The "hope and change" Barack Obama sounds like a traditional Northern liberal who always wants to raise taxes on the upper classes and businesses, expand government services and provide more state assistance to the middle class and poor.

"Maverick" John McCain talks like a conventional Western or Southern conservative in favor of spending cuts, across-the-board lower taxes and smaller government.

This year the media seem to think change means race and sex -- whether Barack Obama's background of mixed racial ancestry or the gender of Democratic primary candidate Hillary Clinton and Republican vice presidential nominee Sarah Palin.

It's certainly true that either the next president or next vice president will not be a white male. But does that mean de facto that the country will be run any differently?

There is, however, one area where we might have seen real change. The Democrats could have not nominated another lawyer. This may partly explain why former military officer John McCain and working-mom Sarah Palin are polling near even with Obama and his running mate, Joe Biden, in a year that otherwise
favors the Democrats.

A snowmobiling, fishing and hunting mom of five who was trained as a journalist seems like a breath of fresh air -- and accentuates the nontraditional background of former naval officer John McCain. If the Republicans win, it may well be that, like George Bush and Dick Cheney, or Ronald Reagan and George H.W. Bush, they weren't members of the legal culture.

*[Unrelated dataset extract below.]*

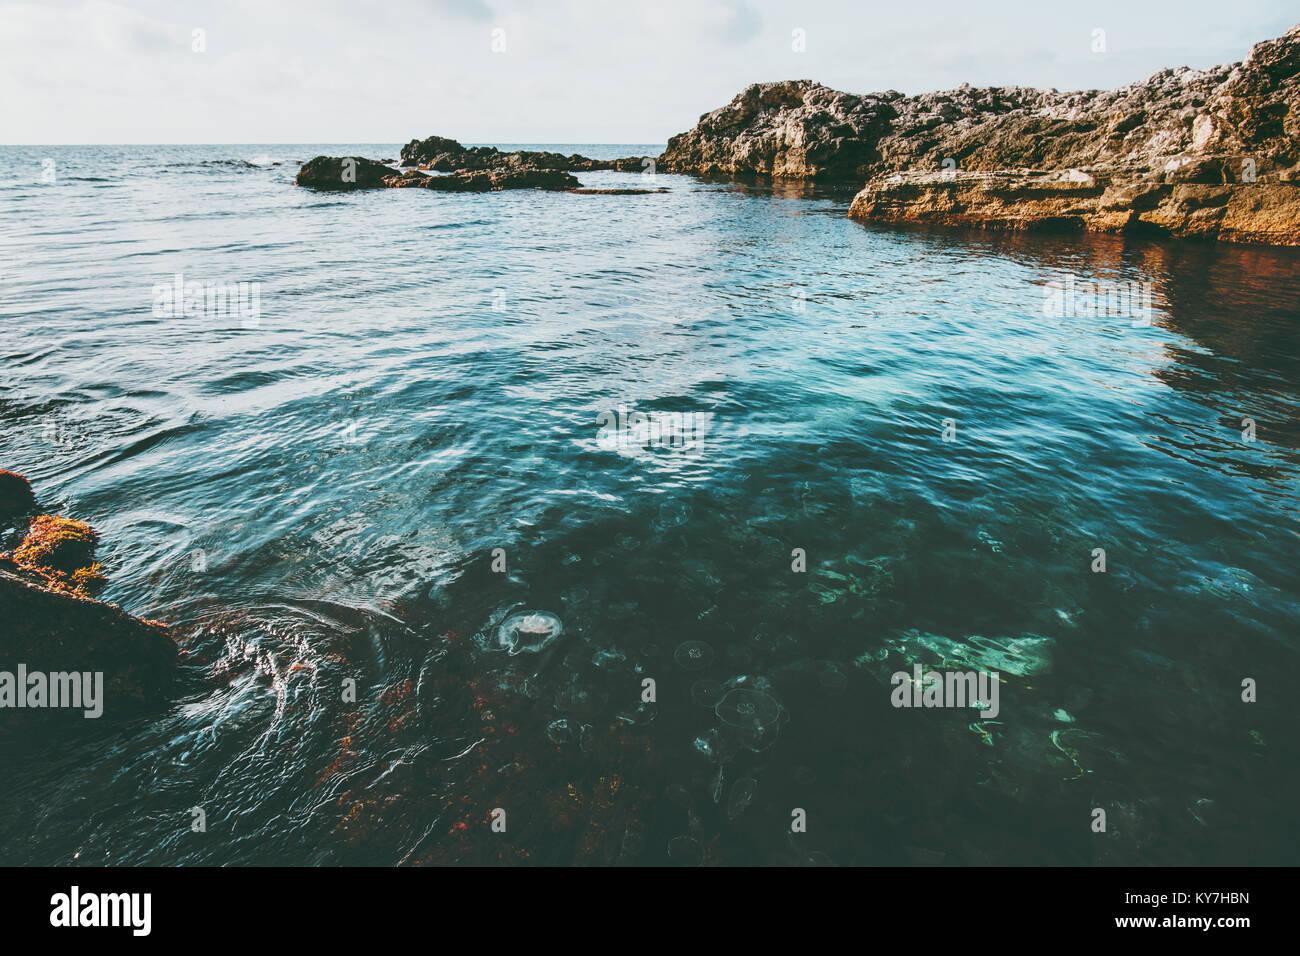 Mar azul y tranquilo paisaje costero rocoso escénicas vistas idílicas vacaciones viajes Imagen De Stock
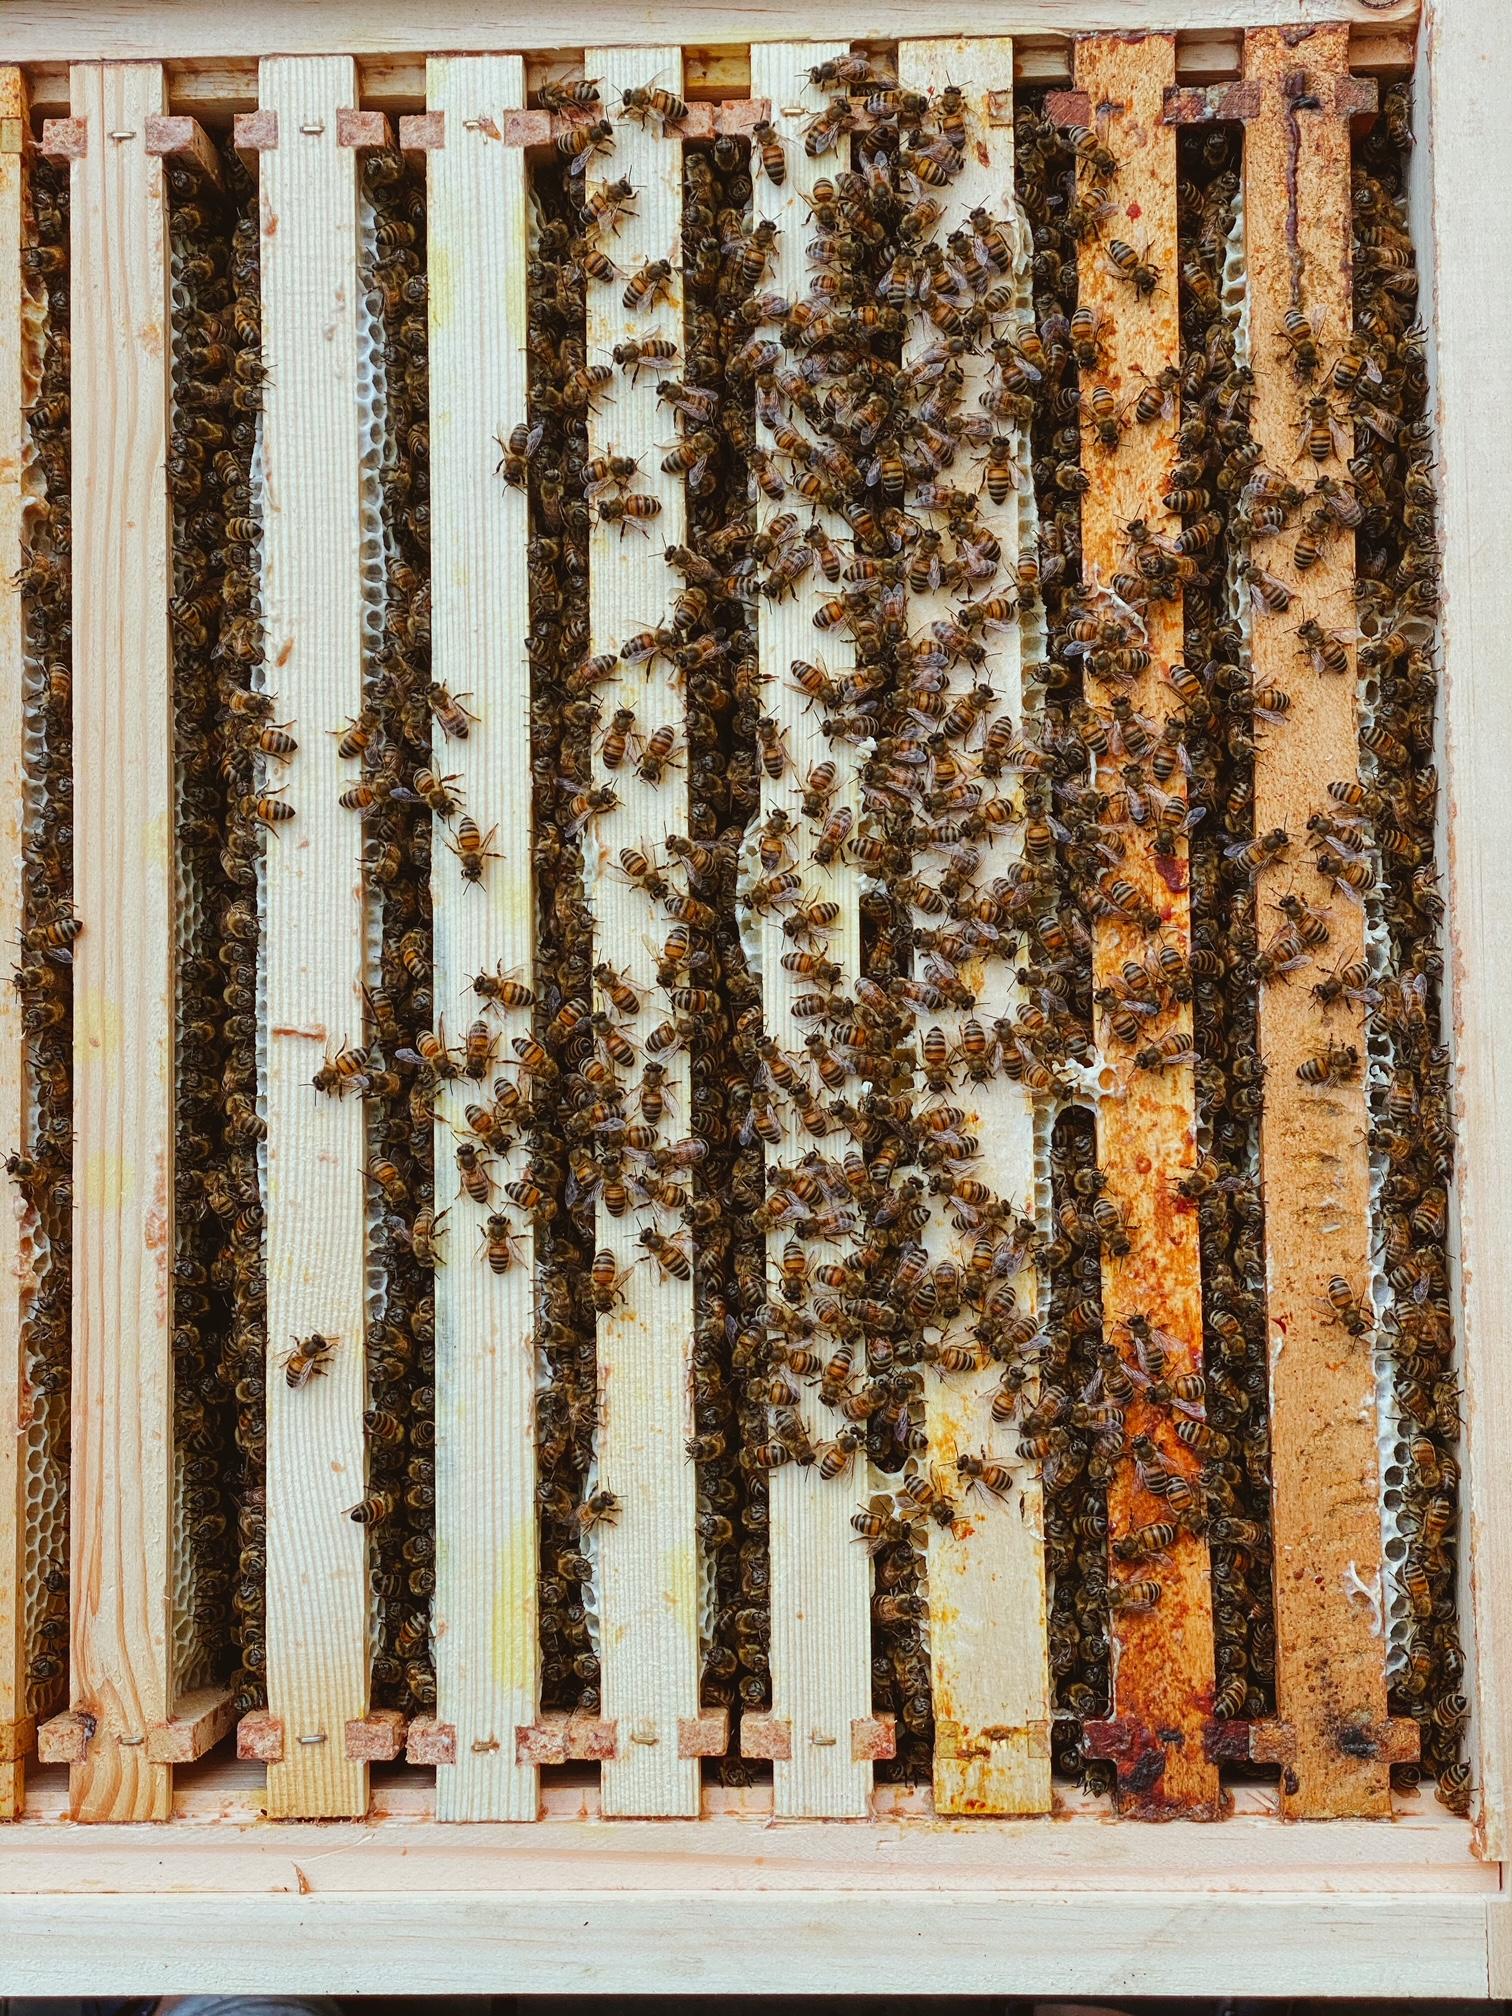 Bienenvolk in einer Trogbeute, Imker, Jungimker, Bienenzuchtverein, Bienen, Merkstein, Heinsberg-Merkstein, Imker, Verein, Honig

On the Democratic side, Barack Obama got out of Harvard Law School, worked for a firm, offered his legal expertise as a community organizer and went into politics. Joe Biden graduated from law school and almost immediately ran for office.

In the Democratic primary, winner Obama, runner-up Hillary Clinton and third-place finisher John Edwards were all lawyers. In 2004, both Democratic nominees, John Kerry and Edwards, were lawyers. Al Gore, who ran in 2000, left law school without a degree and went into politics. His running mate, Joe Lieberman, was a Yale-trained lawyer. Mike Dukakis, the 1988 Democratic presidential nominee, was a Harvard-trained lawyer and ran with lawyer Lloyd Bentsen.

In fact, every Democratic presidential nominee for president and vice president in the last seven elections -- except Gore who dropped out of law school to run for Congress -- has been a lawyer.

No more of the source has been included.